Diverging from the “get married, then buy a home” tradition, millennials in the U.S. are shifting their priorities based upon their financial possibilities and lifestyle preferences. Household trends over the last two decades show that first-time homebuyers are significantly different from how they used to be.
Tougher housing markets and financial obstacles are swaying millennials in the U.S. to either rent or live with their parents. After reviewing 20 years of first-time homebuyer trends, Harvard University reports that the median age of new homeowners in 2017 was 34. This is a slight change compared to 1997, when the median age was 32, but the characteristics of first-time homebuyers are also diversifying.
These variations align with the demographic shifts since the 1990s. Previously, couples got married first and then bought a home. However, nowadays, they buy a property before marriage and seem to form a household when they move in.
There are also fewer people buying a first-time home. In 1997, there were 2.13 million first-time homebuyers, representing 2.1% of U.S. households and 45% of home purchases that year. Fast forward to 2016, and numbers have dropped; there were 1.8 million people purchasing a home for the first time in 2016, representing 1.5% of households and 38.5% of home purchases that year.
Marital Status Trends Have Changed
The marital status of new homeowners has also changed notably over the years. In 1997, the share of married buyers was 61%. It hit its lowest point in 2013 with 46% before increasing in 2017 to slightly more than half of all buyers. Additionally, never-married homebuyers had a 35% share in 2017.
Delaying marriage and children might not be the only cause behind this shift. Young Americans now lean toward buying individually or with unmarried partners. Of millennial homebuyers younger than age 29, 15% are purchasing as unmarried couples. It’s also not uncommon for friends and siblings to merge their resources and take out a mortgage together, given high housing prices and out-of-reach down payments.
New Households Formed at Time of Purchase
More than one-fifth of first-time homebuyers formed a household at the time of purchase in 2017. This number has increased since 1997 – when it stood at 12% – and hit its peak in 2013 at 26%, of which 12% previously lived with family and 8% with another renter.
Whereas couples used to rent together and then enter homeownership, they now prefer to save money by living with their families. This is especially likely for college graduates, who are already battling student debt, underemployment and high rent.
The share of young grads moving back in with their parents increased from 19% in 2005 to 28% in 2016. Miami real estate recorded the highest share at 45%, followed by the New York housing market at 42%. For some, moving in with family means skipping starter homes and, instead, aiming for larger home acquisitions. At the same time, the share of college grads living with their partners plummeted from 44% to 34%.

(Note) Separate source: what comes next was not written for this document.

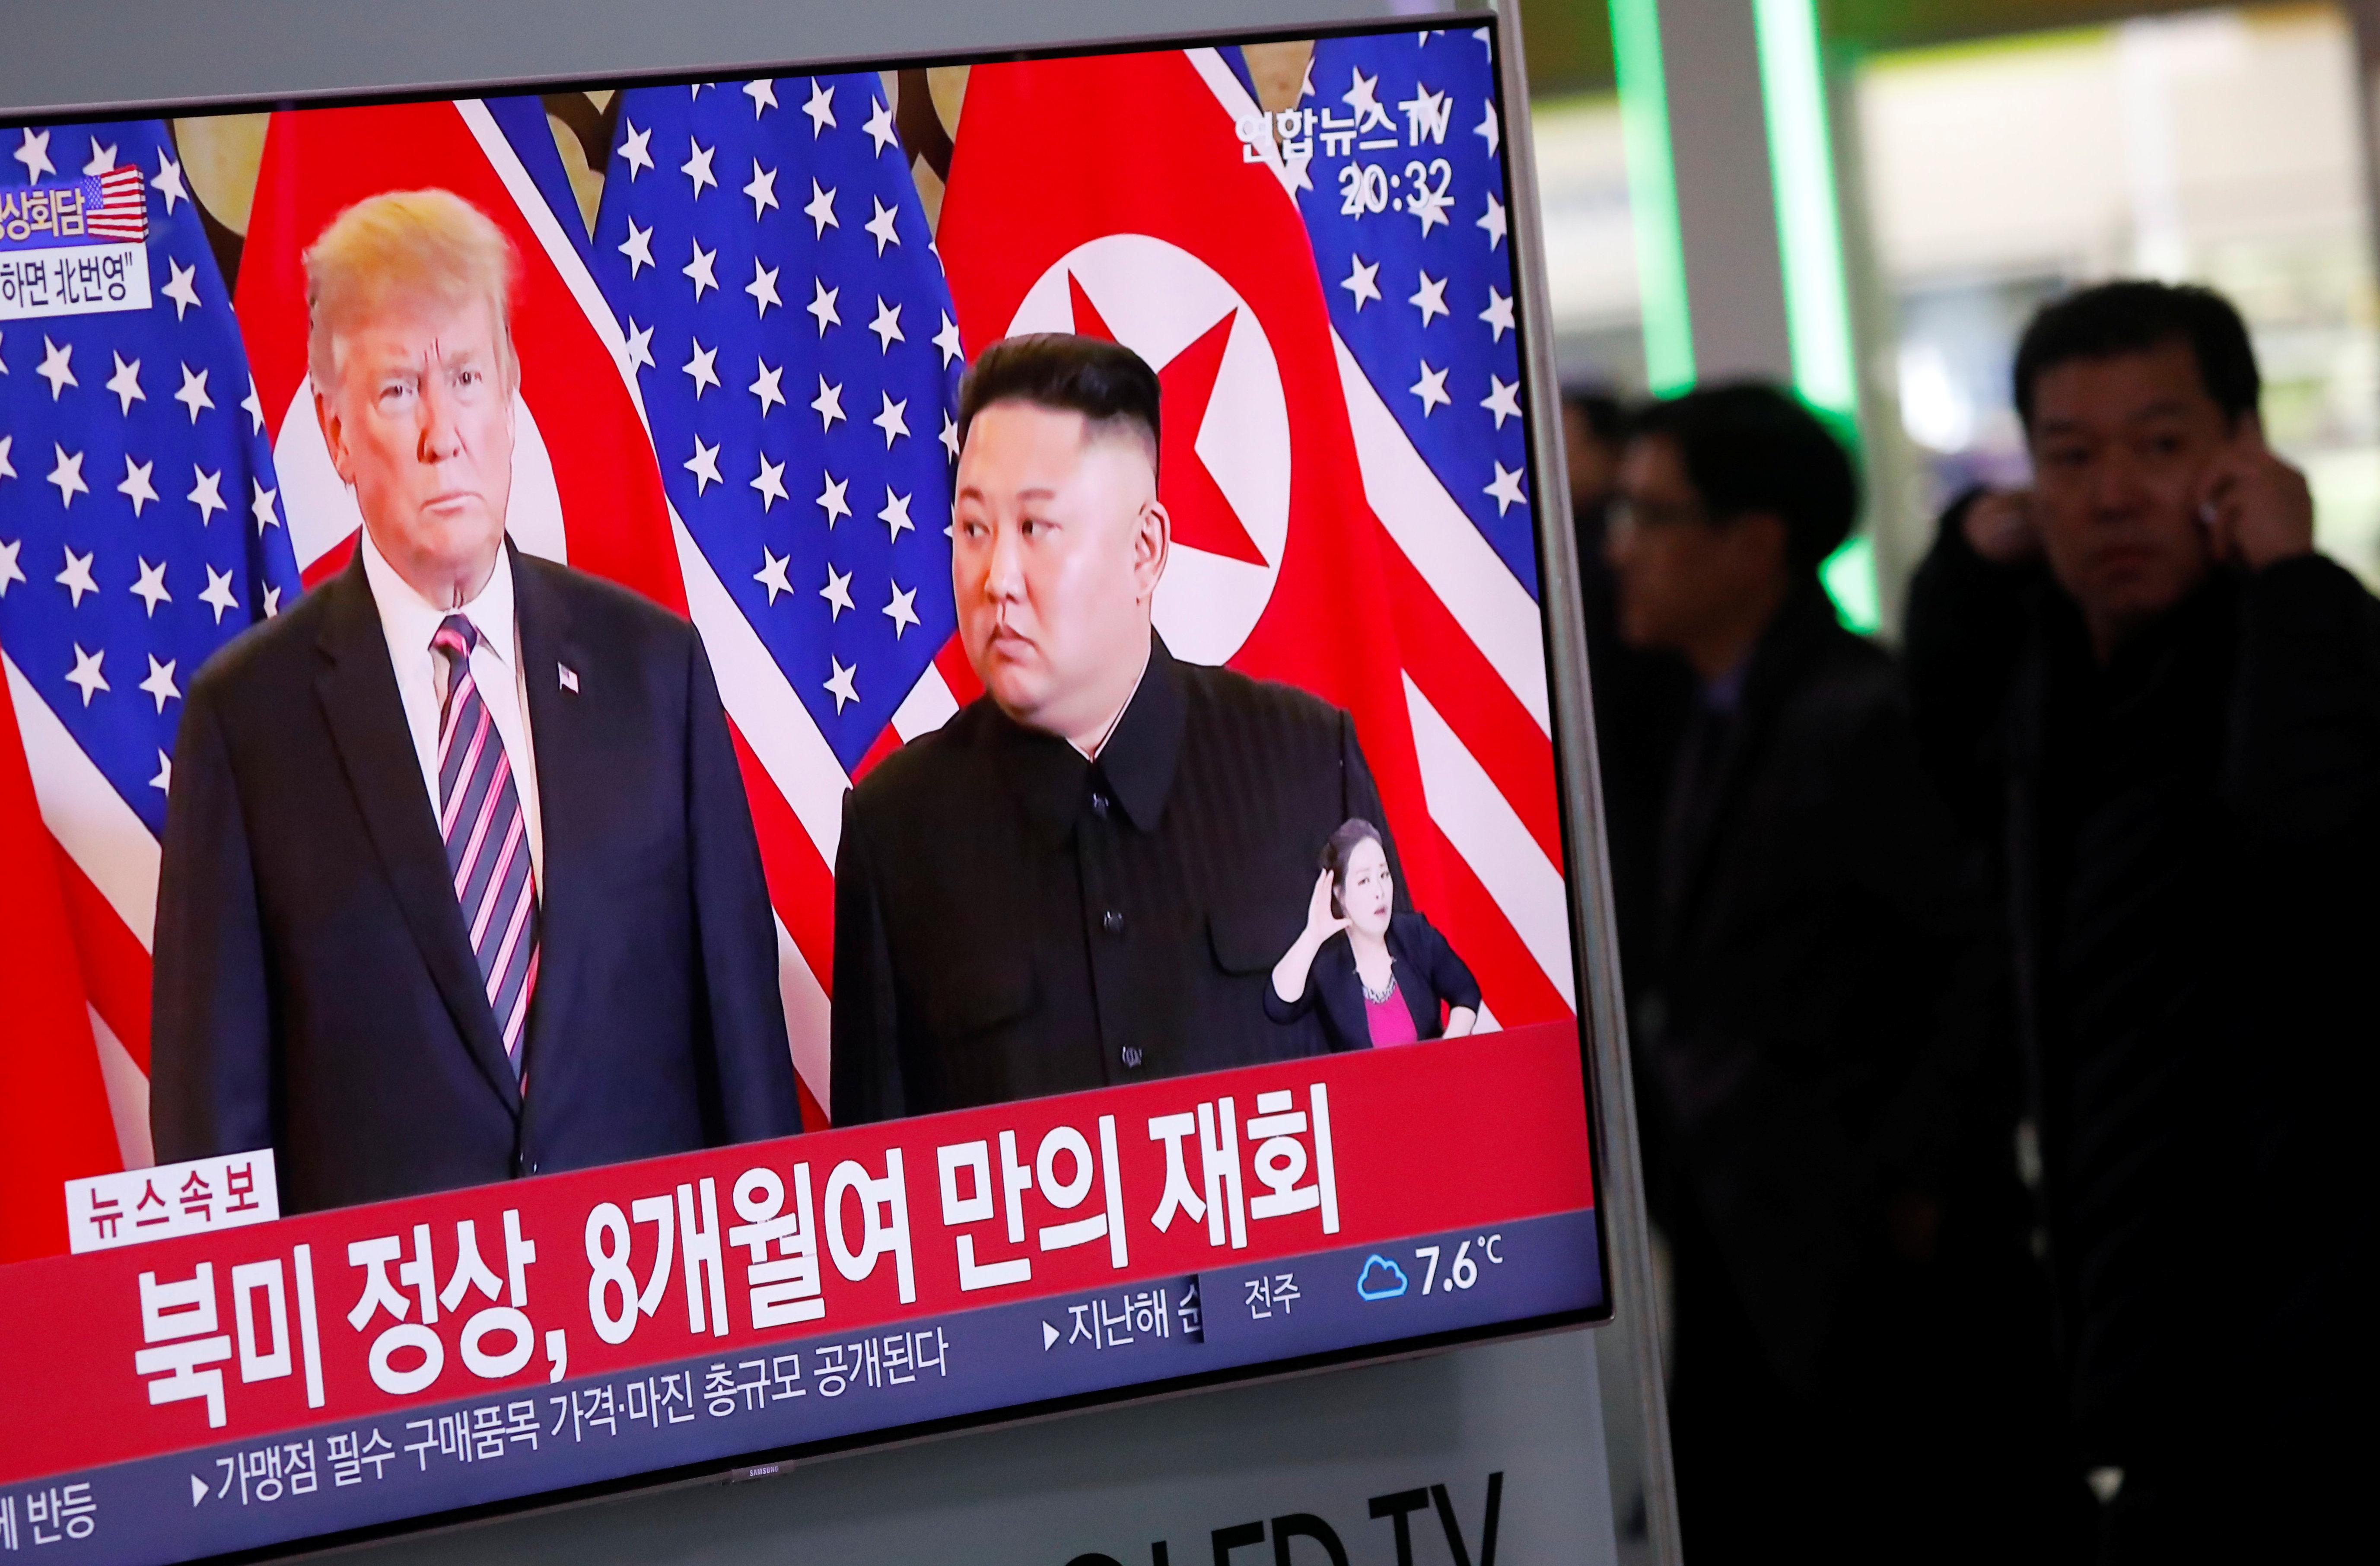 Donald Trump et Kim Jongun à Hanoï, l'art délicat du compromis

Millennials Trade Quantity for Quality
How one chooses to form a household is not the only change among millennial preferences. According to a Business Insider report, in addition to wiping out starter homes, new homebuyers are also ditching big, suburban mansions for homes located within walking distance of their jobs.
This trend seems to resonate regardless of the financial status of millennials. Different design affinities and a need for downsizing – fueled by the evolution of available services today – are prompting the new generation of homebuyers to choose a different type of quality over quantity.
Though researches have not studied the underlying motives behind all of these shifts in the first-time homebuyer’s profile, they hint toward other possible changes, such as an increase in nontraditional households. With new generations influencing buying decisions and new trends in sight, it remains to be seen what the future holds for first-time homes.